Bismil ve çevresindeki ortamın farklı bir özelliği de topluluk dayanışmasının aile-birey ile topluluk-aile arasında olmasıdır. Güneydoğu dışında yer alan bölgelerdeki aile yapıları genellikle soy aile tanımına uyarken, bu bölgede ise yarı-feodal yapı hala varlığını sürdürmektedir. Bu bakımdan aile yapısı ferdi aile modelinden ziyade baba ve baba soyuna dayalı geniş aile türünü yansıtmaktadır. Aile, sosyal sistemin bir parçası durumundadır. Bismil ilçesinde ailelerin büyük çoğunluğu çekirdek aile olduğu halde, geleneksel ilişkilerin halen yaygın olması ve benimsenen ilişkiler biçimi ile ilgili değer ve normlar açısından ideal olarak görülen aile biçiminin, geleneksel geniş aile olduğu gözlenmiştir. Yakın akrabalık ilişkilerinin bulunduğu yerlerde aileler çocukları ile çekirdek aile hayatı yaşarken, hasımlarından birinin saldırısı karşısında bütünleşerek kalabalık ve güçlü aileyi meydana getirirler. Nesiller arası ilişkilerde ekonomik bağımlılık azalsa bile duygusal bağımlılık devam etmektedir. Bu durum ise geleneksel ilişkilerin

benimsendiğinin bir göstergesi olarak kan davası töresinin de

gelenekselleşmesinde etkili olmuştur.

Ataerkil geniş aile ferdin dünya görüşünü, inanç ve değer sistemini etkilediği gibi bu kültür sisteminin de nesilden nesile intikal etmesini sağlar. Bu durum ise kan davaları ya da benzer çatışma durumlarının yıllarca sürmesinde etkili olur. Bismil de gözlemlenen ailelerde kan akrabalığı yanında akrabalık, kirvelik gibi kurumlar da önemli bir yer tutar. Bu ilişkiler ağı ise grubun birlikte hareket etmesini sağlar.

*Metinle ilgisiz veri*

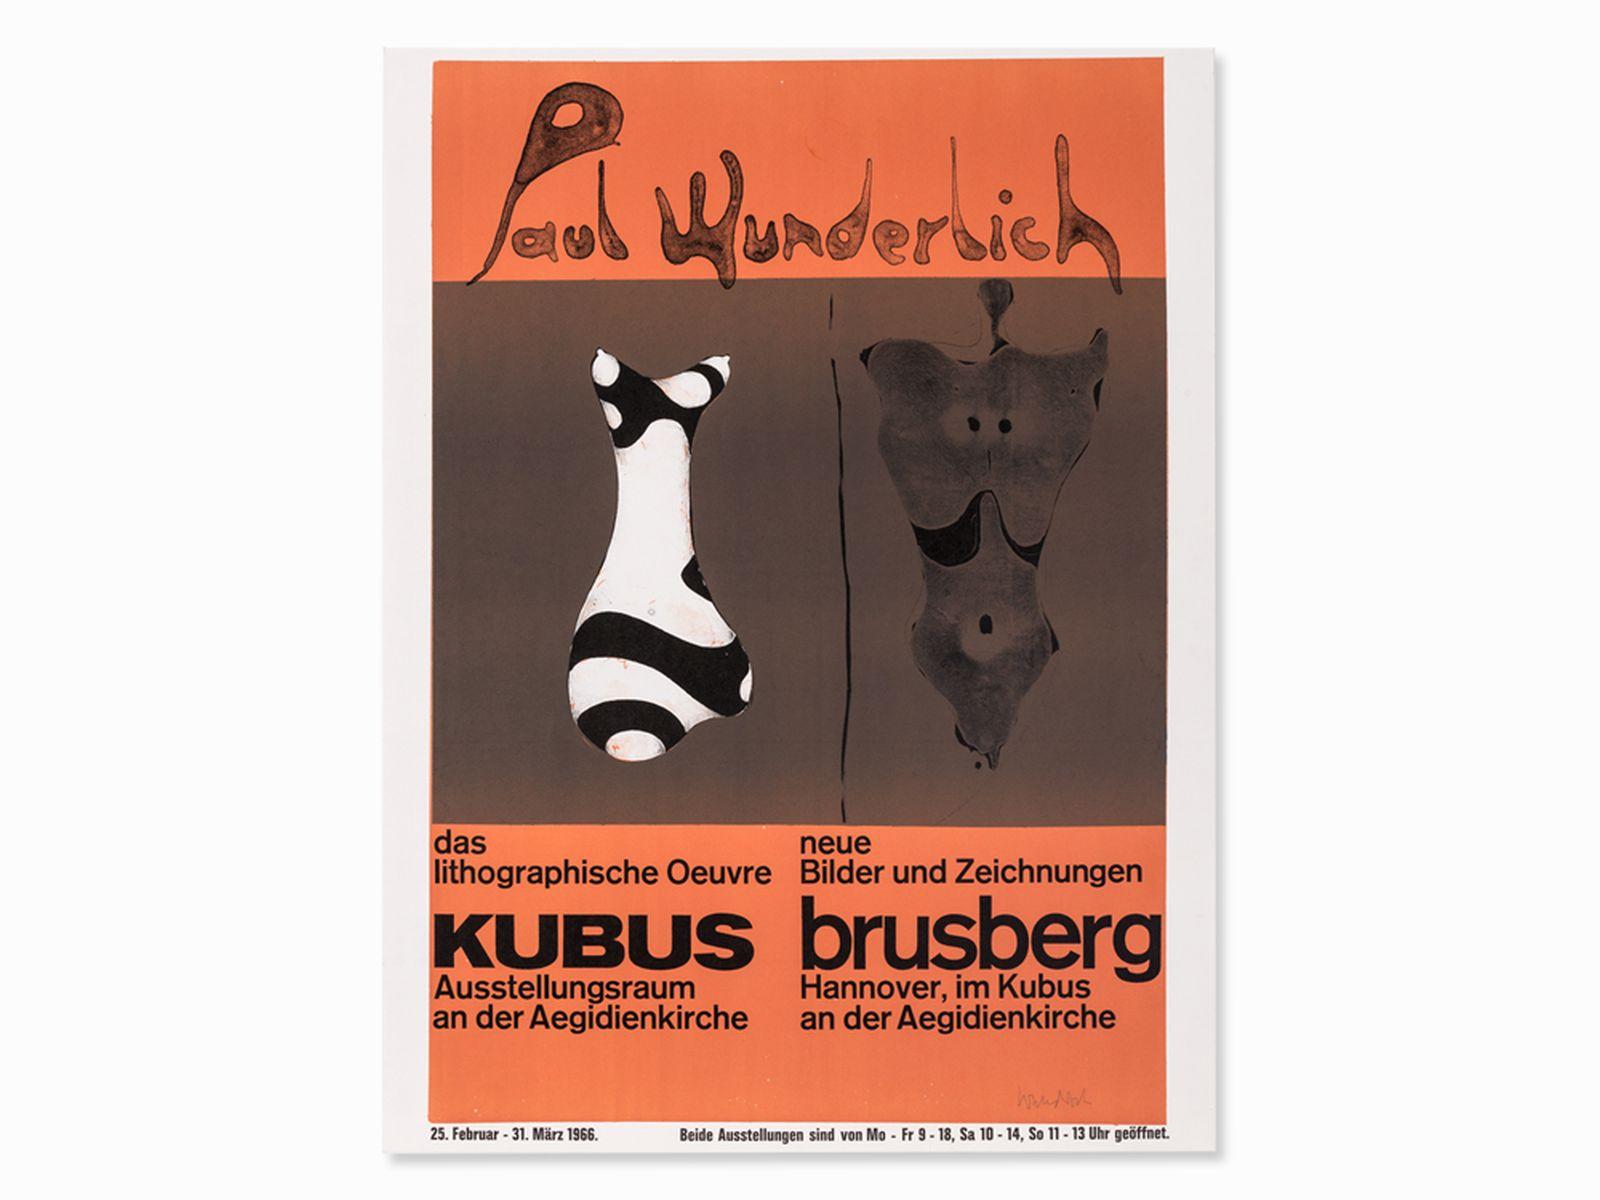 #93 Paul Wunderlich Image

Kapalı toplumlarda namus, şeref gibi kavramlar, dinsel dogmaların bile önüne geçmiştir. Aile meclislerinde bu olayların sürdürülmesine yönelik verilen destekle birlikte kan davaları devam etmektedir. Olayların içinde olan bireyler hukuk yasalarına rağmen yakınlarından birinin öldürülmesini içlerine sindirememektedir. Bastırılamayan bu öç alma duygusu, olayların üzerinden onlarca yıl geçmesine rağmen failin hapisten çıkmasını beklemekte ya da failin yakınlarından birini cezalandırarak olayların genişlemesine yardımcı olmaktadırlar.

Kan davası cinayetlerinin bugün köy dışında kentlere, hatta sınırları aşarak Avrupa’ya bile taşınması zamana meydan okuyan yerel kültürel değerlerin modern toplumun değerlerine nasıl direnç gösterdiğini gözler önüne sermektedir.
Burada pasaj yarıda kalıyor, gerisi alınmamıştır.